- **Work order**:
The data below holds a line containing "Kleurrijke gedraaide twist- of" and a line containing "Calendario chino de"; please quote exactly those two lines and every line between them, and nothing else.

- **Provided records**:
--- --- ---
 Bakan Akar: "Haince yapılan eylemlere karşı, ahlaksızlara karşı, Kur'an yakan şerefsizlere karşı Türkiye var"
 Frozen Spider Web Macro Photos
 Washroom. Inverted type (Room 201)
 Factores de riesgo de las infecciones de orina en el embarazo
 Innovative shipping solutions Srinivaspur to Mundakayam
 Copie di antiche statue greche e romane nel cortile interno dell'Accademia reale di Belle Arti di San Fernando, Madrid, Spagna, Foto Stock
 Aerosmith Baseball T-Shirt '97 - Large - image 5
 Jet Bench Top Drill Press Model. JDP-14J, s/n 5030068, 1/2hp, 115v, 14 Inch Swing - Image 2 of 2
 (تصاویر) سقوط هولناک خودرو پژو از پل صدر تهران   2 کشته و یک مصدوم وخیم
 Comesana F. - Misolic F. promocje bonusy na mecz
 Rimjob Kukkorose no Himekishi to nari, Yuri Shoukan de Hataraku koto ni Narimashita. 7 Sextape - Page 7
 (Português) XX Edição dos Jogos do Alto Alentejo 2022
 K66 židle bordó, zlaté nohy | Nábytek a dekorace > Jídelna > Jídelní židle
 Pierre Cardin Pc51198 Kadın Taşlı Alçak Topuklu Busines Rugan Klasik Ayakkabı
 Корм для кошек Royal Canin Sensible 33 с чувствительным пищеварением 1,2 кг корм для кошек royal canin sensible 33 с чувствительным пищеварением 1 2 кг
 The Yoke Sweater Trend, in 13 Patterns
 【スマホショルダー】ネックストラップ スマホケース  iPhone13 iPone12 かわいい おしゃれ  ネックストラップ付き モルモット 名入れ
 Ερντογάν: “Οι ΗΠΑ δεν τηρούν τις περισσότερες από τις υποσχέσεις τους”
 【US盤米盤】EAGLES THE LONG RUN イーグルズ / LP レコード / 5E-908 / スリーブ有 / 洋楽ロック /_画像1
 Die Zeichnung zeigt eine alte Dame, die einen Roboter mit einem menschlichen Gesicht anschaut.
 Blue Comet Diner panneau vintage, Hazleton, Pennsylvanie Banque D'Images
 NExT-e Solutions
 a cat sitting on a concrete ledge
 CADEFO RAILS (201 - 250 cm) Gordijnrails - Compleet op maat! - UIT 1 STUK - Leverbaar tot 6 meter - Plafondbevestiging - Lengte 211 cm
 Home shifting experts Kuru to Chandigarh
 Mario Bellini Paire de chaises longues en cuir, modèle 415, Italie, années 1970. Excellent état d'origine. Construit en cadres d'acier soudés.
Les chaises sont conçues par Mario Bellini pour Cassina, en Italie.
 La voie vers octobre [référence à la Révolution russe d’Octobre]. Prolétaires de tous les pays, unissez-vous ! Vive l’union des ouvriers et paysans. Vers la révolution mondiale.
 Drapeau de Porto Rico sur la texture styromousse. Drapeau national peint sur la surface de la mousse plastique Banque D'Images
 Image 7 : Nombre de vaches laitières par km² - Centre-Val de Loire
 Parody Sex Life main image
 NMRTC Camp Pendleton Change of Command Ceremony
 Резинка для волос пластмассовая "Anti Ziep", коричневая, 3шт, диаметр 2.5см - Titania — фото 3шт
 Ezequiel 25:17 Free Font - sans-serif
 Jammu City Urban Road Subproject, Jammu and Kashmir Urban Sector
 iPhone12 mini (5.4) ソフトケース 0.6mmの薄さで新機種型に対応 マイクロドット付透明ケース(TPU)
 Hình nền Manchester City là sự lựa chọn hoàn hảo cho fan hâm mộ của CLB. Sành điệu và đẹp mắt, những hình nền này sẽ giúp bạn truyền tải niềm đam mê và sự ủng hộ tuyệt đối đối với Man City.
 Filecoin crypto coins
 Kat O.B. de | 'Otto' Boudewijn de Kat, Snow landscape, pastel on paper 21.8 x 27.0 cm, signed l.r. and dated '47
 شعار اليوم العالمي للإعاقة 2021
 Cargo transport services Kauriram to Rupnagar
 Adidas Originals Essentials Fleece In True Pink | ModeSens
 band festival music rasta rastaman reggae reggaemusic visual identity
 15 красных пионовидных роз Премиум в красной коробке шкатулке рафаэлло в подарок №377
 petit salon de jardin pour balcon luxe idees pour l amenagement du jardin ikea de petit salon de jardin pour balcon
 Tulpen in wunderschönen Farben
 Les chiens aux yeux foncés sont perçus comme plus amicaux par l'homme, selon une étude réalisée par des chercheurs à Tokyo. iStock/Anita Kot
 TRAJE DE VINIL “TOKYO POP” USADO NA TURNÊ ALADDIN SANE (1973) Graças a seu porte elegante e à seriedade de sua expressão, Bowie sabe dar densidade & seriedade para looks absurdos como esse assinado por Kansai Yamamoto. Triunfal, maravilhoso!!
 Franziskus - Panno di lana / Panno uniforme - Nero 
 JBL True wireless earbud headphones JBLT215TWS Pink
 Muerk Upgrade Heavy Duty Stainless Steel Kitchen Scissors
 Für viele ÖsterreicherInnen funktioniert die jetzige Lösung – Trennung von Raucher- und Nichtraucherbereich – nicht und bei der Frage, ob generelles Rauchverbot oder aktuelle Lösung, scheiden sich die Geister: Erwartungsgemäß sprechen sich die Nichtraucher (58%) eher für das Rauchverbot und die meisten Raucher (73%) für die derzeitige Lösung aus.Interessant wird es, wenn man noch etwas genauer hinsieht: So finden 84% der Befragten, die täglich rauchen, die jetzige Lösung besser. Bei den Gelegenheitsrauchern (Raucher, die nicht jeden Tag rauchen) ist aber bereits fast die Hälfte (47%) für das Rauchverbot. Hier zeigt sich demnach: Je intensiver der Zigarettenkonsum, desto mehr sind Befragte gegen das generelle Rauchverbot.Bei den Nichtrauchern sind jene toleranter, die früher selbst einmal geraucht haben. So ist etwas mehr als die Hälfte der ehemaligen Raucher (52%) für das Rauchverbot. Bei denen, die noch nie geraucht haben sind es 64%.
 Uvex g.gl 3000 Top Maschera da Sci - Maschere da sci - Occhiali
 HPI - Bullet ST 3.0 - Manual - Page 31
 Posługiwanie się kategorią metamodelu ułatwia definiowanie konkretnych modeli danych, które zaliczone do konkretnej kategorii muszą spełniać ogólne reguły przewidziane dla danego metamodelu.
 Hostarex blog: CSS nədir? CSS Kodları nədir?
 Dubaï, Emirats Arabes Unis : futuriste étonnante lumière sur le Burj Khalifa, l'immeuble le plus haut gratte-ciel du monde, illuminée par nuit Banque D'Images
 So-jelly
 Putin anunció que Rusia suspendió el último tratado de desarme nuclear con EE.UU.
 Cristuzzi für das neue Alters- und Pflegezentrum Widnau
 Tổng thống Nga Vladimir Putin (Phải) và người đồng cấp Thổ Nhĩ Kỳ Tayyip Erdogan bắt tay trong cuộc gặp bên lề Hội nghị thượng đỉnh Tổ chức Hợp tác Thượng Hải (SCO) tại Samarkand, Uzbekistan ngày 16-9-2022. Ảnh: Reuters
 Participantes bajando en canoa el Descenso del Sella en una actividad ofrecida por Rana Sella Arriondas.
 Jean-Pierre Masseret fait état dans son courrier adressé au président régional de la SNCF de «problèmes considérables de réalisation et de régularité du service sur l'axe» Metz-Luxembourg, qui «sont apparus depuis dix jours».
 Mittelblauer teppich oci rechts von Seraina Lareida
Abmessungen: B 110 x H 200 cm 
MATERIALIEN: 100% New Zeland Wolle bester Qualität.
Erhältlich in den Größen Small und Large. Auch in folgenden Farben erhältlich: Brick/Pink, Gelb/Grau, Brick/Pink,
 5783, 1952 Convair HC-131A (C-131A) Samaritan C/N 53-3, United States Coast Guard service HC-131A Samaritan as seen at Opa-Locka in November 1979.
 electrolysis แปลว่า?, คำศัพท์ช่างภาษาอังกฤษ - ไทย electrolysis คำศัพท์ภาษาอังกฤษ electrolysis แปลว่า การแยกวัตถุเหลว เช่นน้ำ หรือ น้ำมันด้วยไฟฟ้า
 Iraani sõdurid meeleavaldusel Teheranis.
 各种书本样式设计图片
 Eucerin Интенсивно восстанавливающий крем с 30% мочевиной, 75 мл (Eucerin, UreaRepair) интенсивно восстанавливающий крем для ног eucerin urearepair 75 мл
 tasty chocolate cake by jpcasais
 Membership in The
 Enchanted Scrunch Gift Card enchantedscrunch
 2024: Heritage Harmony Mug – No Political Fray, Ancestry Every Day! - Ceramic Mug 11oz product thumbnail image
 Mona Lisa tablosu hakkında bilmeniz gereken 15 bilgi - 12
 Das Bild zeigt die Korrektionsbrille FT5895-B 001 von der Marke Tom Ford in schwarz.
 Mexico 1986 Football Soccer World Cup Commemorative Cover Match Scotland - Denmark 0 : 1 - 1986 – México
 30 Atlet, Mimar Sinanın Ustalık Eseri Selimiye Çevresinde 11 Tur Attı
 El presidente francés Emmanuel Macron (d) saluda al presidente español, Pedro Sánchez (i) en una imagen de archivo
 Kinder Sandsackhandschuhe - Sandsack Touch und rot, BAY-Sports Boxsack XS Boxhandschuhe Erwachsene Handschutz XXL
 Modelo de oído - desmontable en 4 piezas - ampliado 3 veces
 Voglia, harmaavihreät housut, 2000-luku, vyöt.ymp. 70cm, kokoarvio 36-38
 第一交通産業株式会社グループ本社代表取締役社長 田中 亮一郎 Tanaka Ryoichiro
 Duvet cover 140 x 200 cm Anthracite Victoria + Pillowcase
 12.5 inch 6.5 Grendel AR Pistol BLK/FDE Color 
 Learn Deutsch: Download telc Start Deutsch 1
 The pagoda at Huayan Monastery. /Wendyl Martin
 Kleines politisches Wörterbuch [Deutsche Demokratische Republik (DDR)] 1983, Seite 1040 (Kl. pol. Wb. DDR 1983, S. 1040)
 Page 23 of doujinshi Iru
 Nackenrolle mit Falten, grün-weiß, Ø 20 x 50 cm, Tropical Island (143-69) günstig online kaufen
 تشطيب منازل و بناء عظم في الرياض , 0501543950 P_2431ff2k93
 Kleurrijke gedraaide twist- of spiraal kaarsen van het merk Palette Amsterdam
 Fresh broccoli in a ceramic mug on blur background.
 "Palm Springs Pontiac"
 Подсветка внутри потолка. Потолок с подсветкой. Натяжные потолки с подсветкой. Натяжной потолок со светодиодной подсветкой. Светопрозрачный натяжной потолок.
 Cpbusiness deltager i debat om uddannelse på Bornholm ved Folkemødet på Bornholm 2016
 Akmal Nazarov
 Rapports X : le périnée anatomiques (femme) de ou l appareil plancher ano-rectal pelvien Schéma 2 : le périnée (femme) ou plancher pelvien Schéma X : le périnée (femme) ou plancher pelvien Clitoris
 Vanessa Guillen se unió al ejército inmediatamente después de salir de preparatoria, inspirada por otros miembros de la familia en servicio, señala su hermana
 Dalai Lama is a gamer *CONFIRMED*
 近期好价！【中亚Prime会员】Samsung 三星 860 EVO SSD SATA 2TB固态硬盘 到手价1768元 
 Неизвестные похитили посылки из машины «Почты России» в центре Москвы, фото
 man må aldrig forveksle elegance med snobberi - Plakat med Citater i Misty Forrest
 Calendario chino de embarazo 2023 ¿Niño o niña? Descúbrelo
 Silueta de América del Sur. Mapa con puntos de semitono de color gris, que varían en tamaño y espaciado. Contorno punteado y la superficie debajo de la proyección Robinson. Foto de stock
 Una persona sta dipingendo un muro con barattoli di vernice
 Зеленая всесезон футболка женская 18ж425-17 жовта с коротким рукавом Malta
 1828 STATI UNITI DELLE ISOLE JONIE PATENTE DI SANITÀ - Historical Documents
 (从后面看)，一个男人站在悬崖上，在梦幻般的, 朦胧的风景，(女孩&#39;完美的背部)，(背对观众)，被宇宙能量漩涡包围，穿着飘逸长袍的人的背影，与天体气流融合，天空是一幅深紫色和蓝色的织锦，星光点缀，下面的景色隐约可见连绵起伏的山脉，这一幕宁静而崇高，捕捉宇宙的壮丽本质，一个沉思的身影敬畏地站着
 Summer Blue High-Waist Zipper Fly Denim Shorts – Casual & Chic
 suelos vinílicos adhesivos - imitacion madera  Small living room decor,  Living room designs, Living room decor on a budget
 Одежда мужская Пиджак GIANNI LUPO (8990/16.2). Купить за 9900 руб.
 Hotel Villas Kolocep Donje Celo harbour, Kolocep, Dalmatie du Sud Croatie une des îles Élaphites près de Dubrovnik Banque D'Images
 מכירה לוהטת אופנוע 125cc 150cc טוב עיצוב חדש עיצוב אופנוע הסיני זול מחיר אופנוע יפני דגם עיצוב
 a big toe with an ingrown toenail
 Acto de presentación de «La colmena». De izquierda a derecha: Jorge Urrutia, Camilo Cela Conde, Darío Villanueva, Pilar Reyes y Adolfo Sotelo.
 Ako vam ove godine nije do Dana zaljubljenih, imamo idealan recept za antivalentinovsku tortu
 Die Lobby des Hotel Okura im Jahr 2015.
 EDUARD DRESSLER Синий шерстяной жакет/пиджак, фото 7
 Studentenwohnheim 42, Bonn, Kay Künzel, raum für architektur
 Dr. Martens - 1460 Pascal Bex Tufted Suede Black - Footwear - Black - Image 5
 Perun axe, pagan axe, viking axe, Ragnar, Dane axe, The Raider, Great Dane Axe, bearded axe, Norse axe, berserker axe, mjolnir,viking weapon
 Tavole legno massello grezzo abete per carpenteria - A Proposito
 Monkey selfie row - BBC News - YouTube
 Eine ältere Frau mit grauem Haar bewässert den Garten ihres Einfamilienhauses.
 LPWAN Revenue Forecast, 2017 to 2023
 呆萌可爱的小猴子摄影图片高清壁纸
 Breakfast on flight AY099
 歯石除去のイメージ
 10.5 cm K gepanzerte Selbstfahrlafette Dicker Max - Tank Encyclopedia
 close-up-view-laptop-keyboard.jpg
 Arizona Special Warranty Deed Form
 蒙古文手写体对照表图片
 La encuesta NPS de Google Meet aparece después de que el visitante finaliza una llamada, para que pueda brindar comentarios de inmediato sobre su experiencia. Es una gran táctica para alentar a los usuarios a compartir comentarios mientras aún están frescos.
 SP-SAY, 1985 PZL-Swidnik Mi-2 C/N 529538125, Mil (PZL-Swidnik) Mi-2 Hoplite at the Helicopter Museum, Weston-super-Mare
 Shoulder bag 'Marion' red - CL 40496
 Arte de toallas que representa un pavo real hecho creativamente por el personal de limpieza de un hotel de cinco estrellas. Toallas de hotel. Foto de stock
--- --- ---
- **Response area**:
 Kleurrijke gedraaide twist- of spiraal kaarsen van het merk Palette Amsterdam
 Fresh broccoli in a ceramic mug on blur background.
 "Palm Springs Pontiac"
 Подсветка внутри потолка. Потолок с подсветкой. Натяжные потолки с подсветкой. Натяжной потолок со светодиодной подсветкой. Светопрозрачный натяжной потолок.
 Cpbusiness deltager i debat om uddannelse på Bornholm ved Folkemødet på Bornholm 2016
 Akmal Nazarov
 Rapports X : le périnée anatomiques (femme) de ou l appareil plancher ano-rectal pelvien Schéma 2 : le périnée (femme) ou plancher pelvien Schéma X : le périnée (femme) ou plancher pelvien Clitoris
 Vanessa Guillen se unió al ejército inmediatamente después de salir de preparatoria, inspirada por otros miembros de la familia en servicio, señala su hermana
 Dalai Lama is a gamer *CONFIRMED*
 近期好价！【中亚Prime会员】Samsung 三星 860 EVO SSD SATA 2TB固态硬盘 到手价1768元 
 Неизвестные похитили посылки из машины «Почты России» в центре Москвы, фото
 man må aldrig forveksle elegance med snobberi - Plakat med Citater i Misty Forrest
 Calendario chino de embarazo 2023 ¿Niño o niña? Descúbrelo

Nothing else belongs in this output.